Clinical Research in Cardiology

, Volume 104, Issue 10, pp 843–849 | Cite as

Cardiac shock wave therapy and myocardial perfusion in severe coronary artery disease

  • M. Kaller
  • L. Faber
  • N. Bogunovic
  • D. Horstkotte
  • W. Burchert
  • Oliver Lindner
Open Access
Original Paper

Abstract

Background

Ultrasound guided cardiac shock wave therapy (CSWT) is a noninvasive therapeutic option in the treatment of chronic-refractory angina. Clinical trials have shown that CSWT reduces angina symptoms, improves regional systolic function, LV ejection fraction, myocardial perfusion and quality of life parameters. Absolute measurements of myocardial perfusion before and after CSWT have not been performed so far.

Methods and results

We studied a total of 21 CCS III patients with history of CAD and multiple interventions who suffered from disabling angina despite individually optimized medical therapy. An N-13 NH3 PET perfusion scan under adenosine was performed before and after CSWT treatment. CSWT was well tolerated in all patients. Absolute perfusion under adenosine of the global left-ventricular myocardium did not change under therapy or minimal coronary resistance. The treated segments, however, showed in terms of both perfusion and resistance a mild but significant improvement, by 11 and 15 %, respectively, whereas no change could be observed in the remote segments. Considering a threshold of increased perfusion of 5 %, 10 (77 %) out of 13 patients with a better target perfusion improved in their CCS class, whereas 3 (43 %) out of 7 patients without improved target perfusion improved in their CCS class too.

Conclusion

Standard CSWT has the potential to improve myocardial perfusion of the therapy zone and clinical CAD symptomatology without affecting global myocardial perfusion. As a noninvasive and well tolerated therapeutic option, these data suggest the use of CSWT in patients with end-stage CAD.

Keywords

Coronary artery disease Cardiac shock wave therapy Refractory angina Myocardial perfusion imaging PET 

Introduction

Coronary artery disease (CAD) is one of the leading causes of morbidity and mortality in industrialized countries. Several therapeutic options for chronic CAD are available. They include medical treatment, percutaneous coronary intervention (PCI), and coronary artery bypass surgery. Despite excellent interventional results, an increasing number of patients with advanced CAD not suitable for any intervention suffer from chronic angina inspite of optimal medical therapy [1, 2]. It has been shown that persistent angina symptoms are associated with long-term anxiety, depressions, impaired physical functioning and QOL [3]. Therefore, several alternative therapeutic approaches, including epidural spinal cord stimulation (SCS) [4], enhanced external counterpulsation (EECP) [5], transmyocardial laser revascularization (TMR) [6], or induction of angiogenesis by protein, gene stem cell-based therapies [7] have been proposed. These alternatives are invasive, still at a preclinical stage, or already outdated.
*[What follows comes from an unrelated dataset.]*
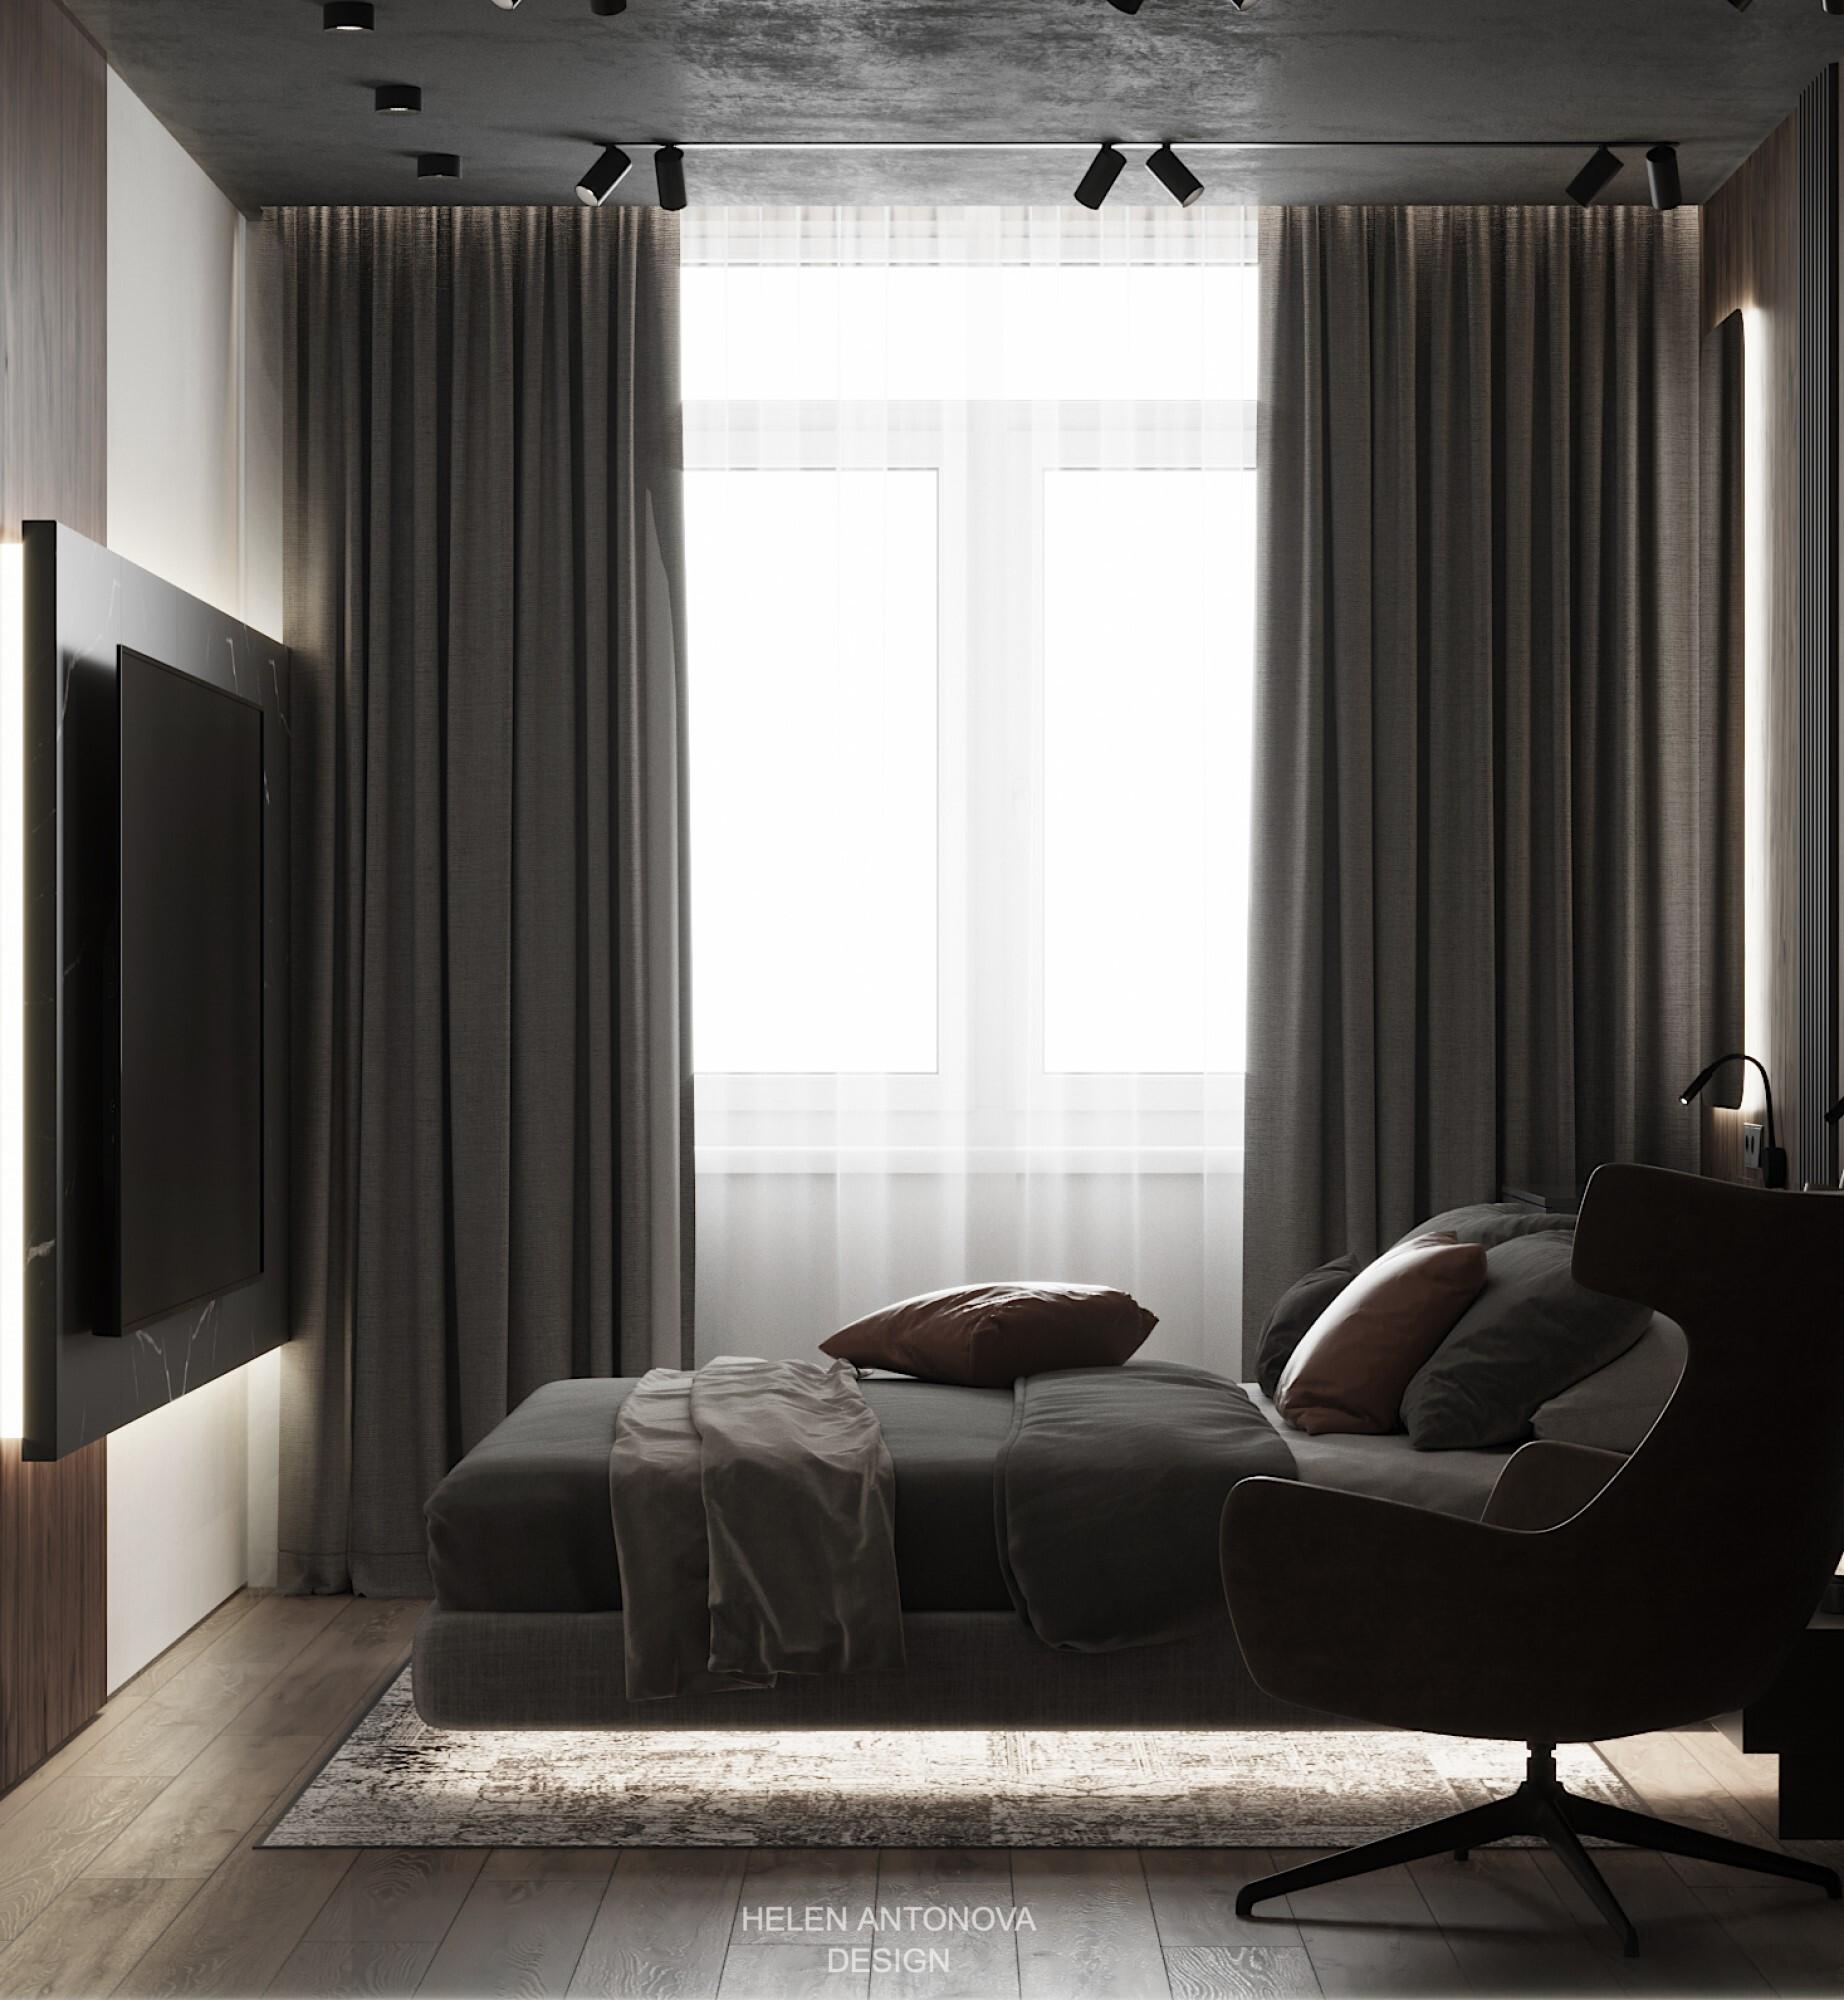 Интерьер гостиной с зонированием шторами и светильниками над кроватью в стиле лофт и готике

Ultrasound guided cardiac shock wave therapy (CSWT) is another noninvasive therapeutic option in the treatment of chronic-refractory angina. Physically, a shock wave pulse is a single sharp pressure pulse with amplitude up to 100 MPa, followed by a tensile part of several microseconds with lower amplitude.
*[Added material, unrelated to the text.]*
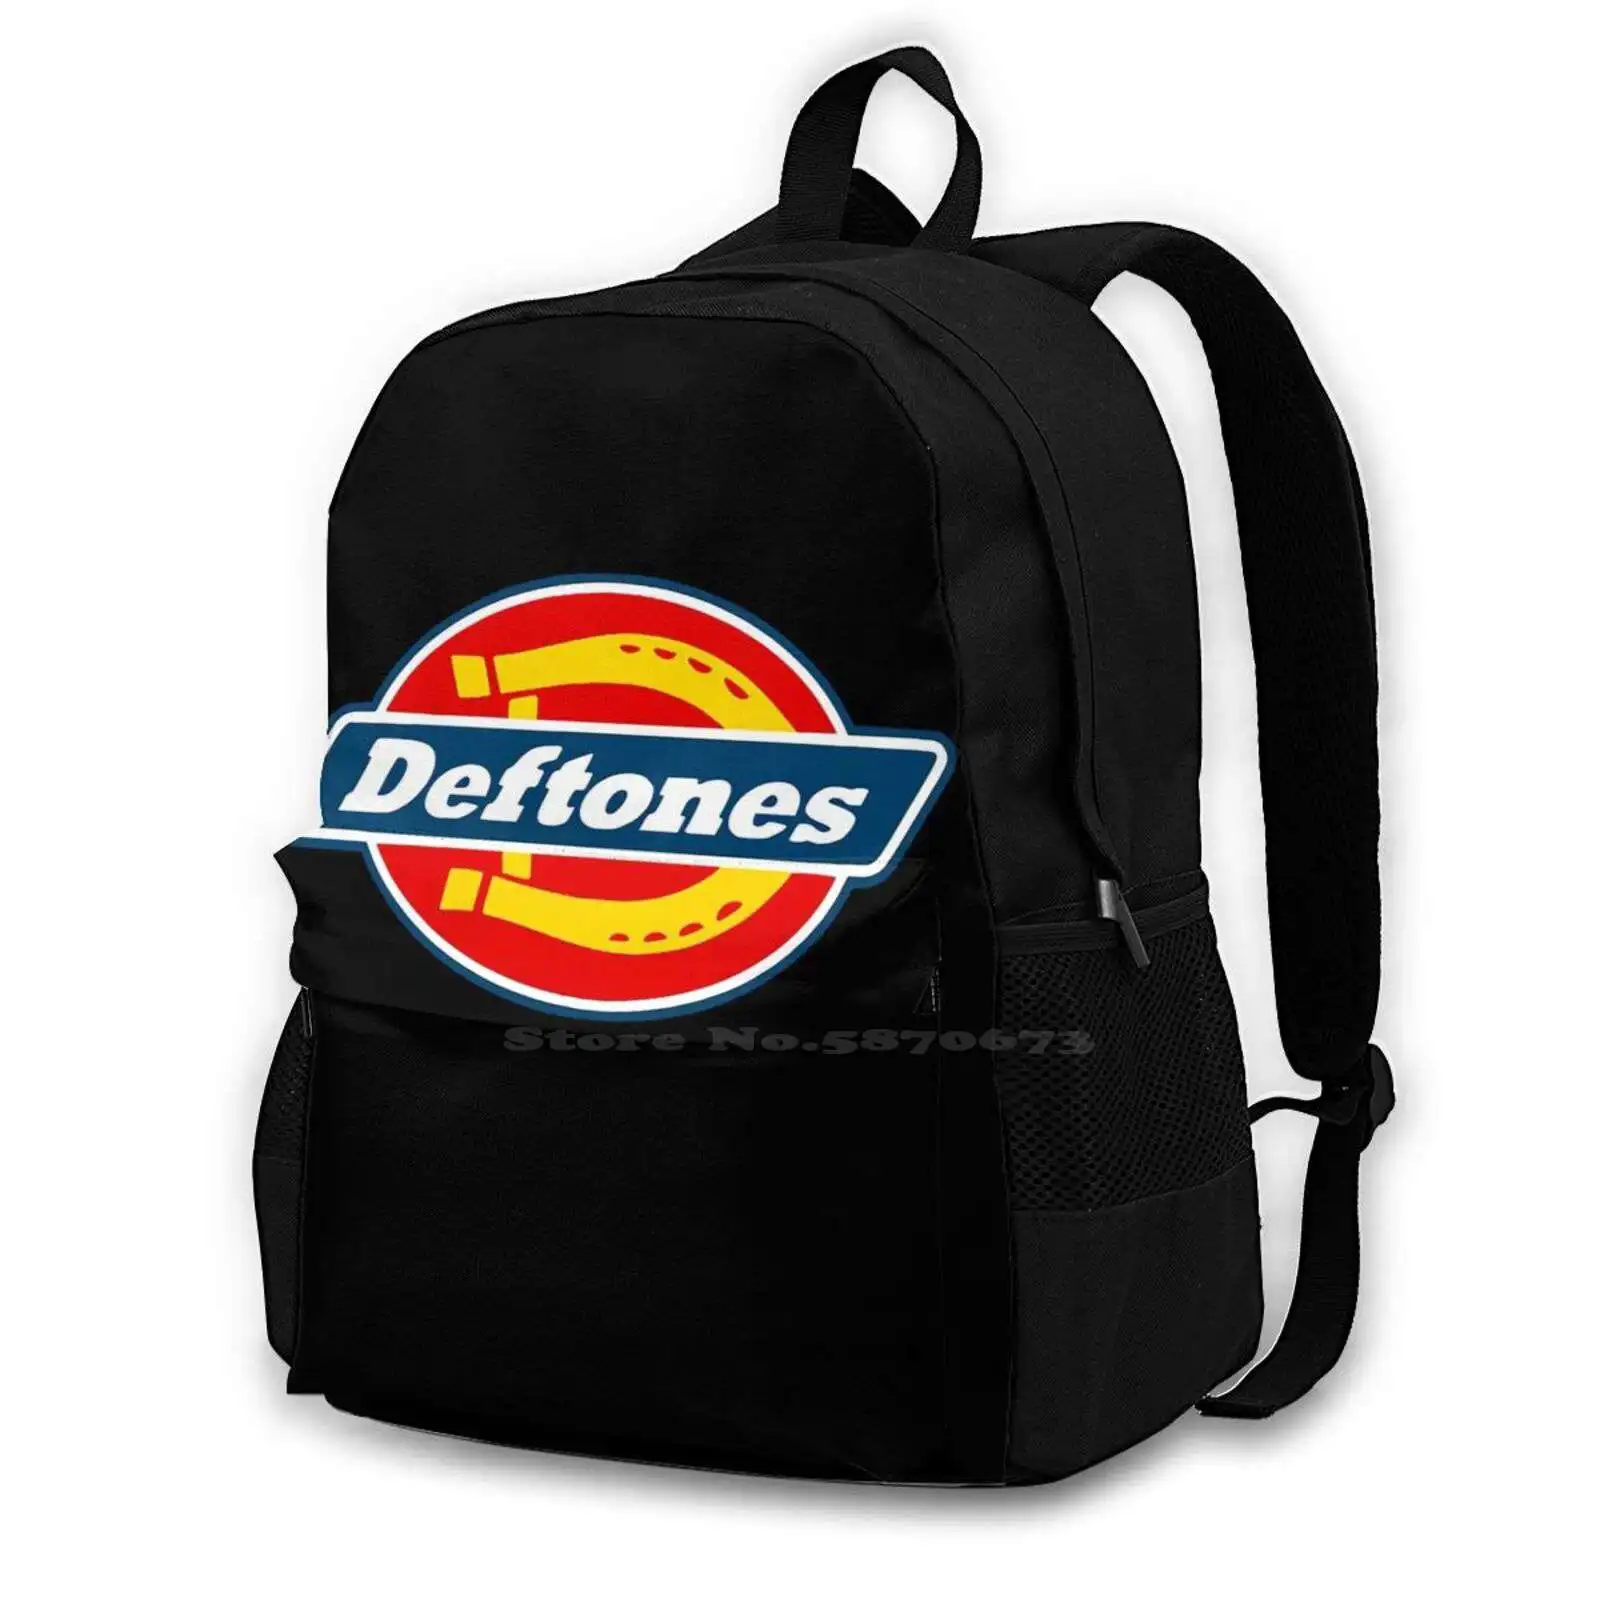 

Deftones Heacy Meta School Bags For Teenage Girls Laptop Travel Bags Deftones Music Band Hardcore Heacy Metal Metal Vintage 90S

Animal studies have suggested that CSWT promoted angiogenesis in ischemic myocardium by mRNA expression of vascular endothelial growth factor (VEGF), endothelial cell proliferation, and endothelial nitric oxide synthase (eNOS) expression [8, 9]. Furthermore, nonenzymatic nitric oxide production by CSWT could be demonstrated [10].
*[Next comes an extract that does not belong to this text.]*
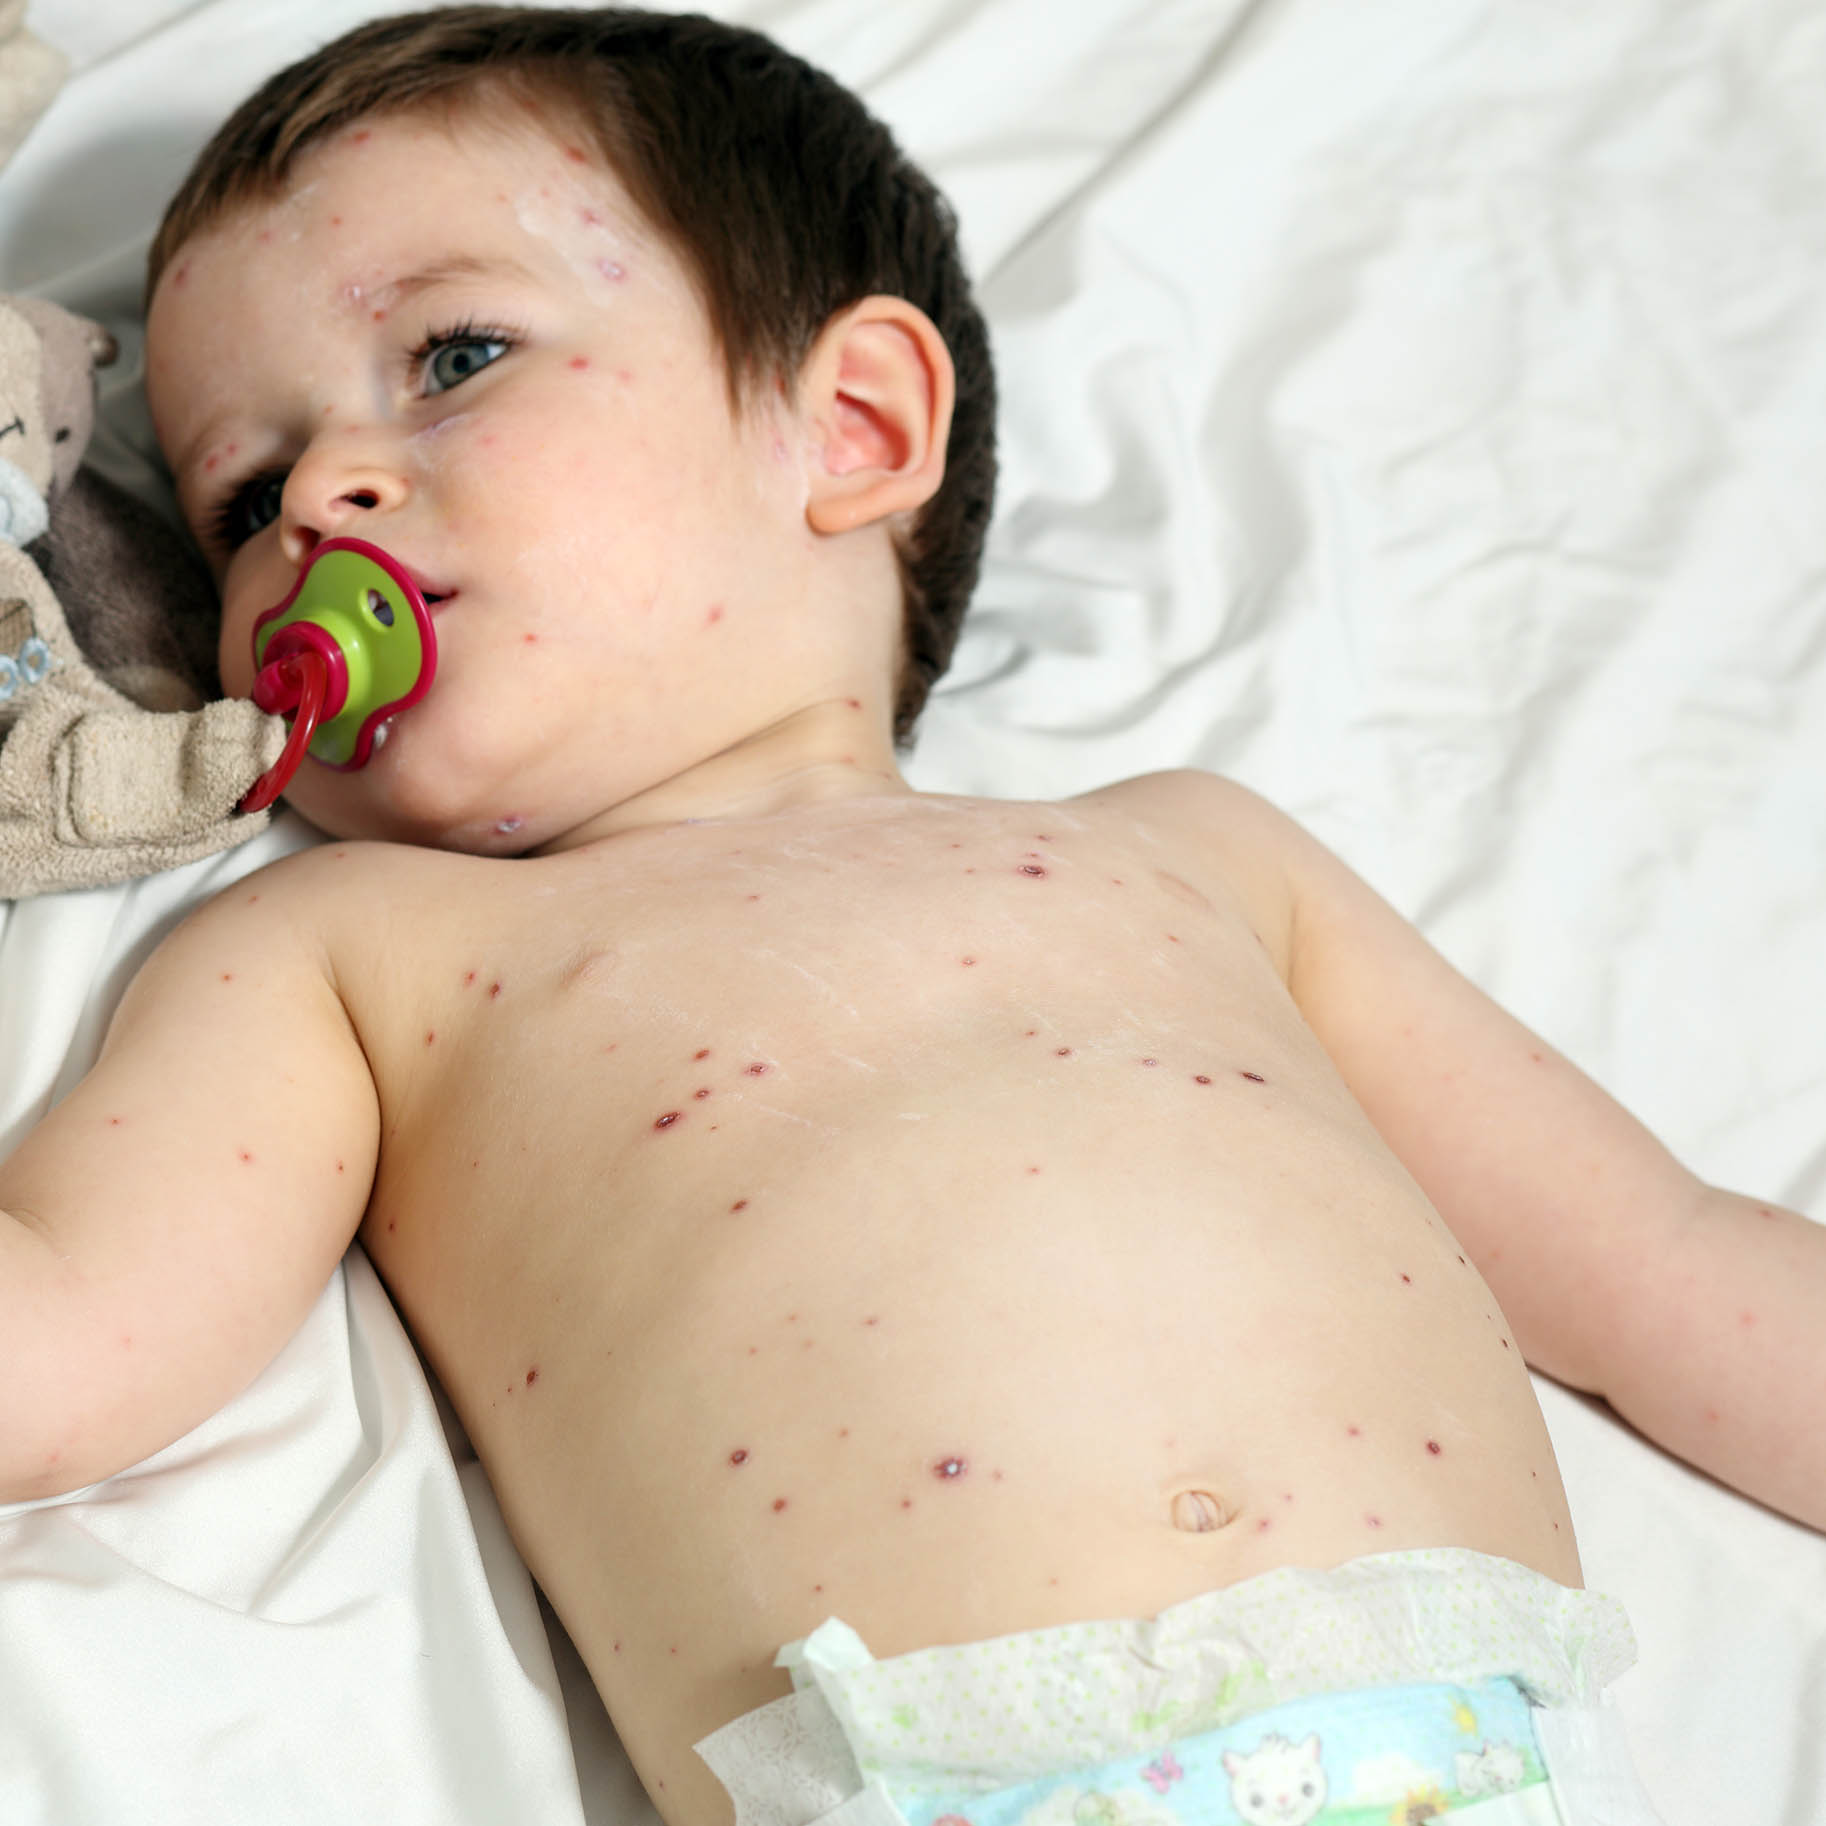 bambino disteso nel letto ricoperto da ponfi dovuti alla varicella

Clinical trials demonstrated that CSWT may reduce angina symptoms, improve regional systolic function, LV ejection fraction, myocardial blood flow and quality of life parameters [11, 12, 13, 14].

In this context myocardial perfusion has been evaluated with SPECT imaging at rest [15], under low-dose dobutamin stimulation [11, 13], on exercise [16] and under dipyridamole-induced hyperemia [17], all without absolute quantification. The present study evaluated with N-13 NH3 PET perfusion imaging under adenosine induced hyperemia the effects of CSWT treatment on absolute perfusion in the target region and in the entire left myocardium in patients with chronic-refractory angina.

Methods

Patient population and study protocol

We studied a total of 21 patients with history of CAD and multiple prior interventions (PCI, CABG, or both) who suffered from disabling angina despite individually optimized medical therapy (Table 1).
Table 1

Patient characteristics

Age

65 ± 10 years

 

Gender

13 m, 8 f

 

Diabetes

11 patients

 

Hypertension

17 patients

 

Cardiac history

No. of patients

CAD status 

CAD

21

1 with 1-, 20 with 3-vessel disease

Prior infarction

11

7 with 1, 4 with 2 MI

Prior PCI

16

5 with 1, 6 with 2, 5 with ≥3 PCI

Prior CABG

19

15 with 1, 4 with 2 CABG

An N-13 NH3 PET scan at rest and under adenosine was performed for clinical reasons to reevaluate a repeat mechanical revascularization. If reintervention had been found inappropriate, the viable myocardial wall with the leading perfusion abnormality was identified for CSWT. The baseline PET scan was performed 21 ± 36 days before onset of therapy. A repeat PET scan was performed 43 ± 27 days after the last CSWT session for clinical reasons, to verify the therapeutic effect on regional perfusion and to decide upon continuation of therapy.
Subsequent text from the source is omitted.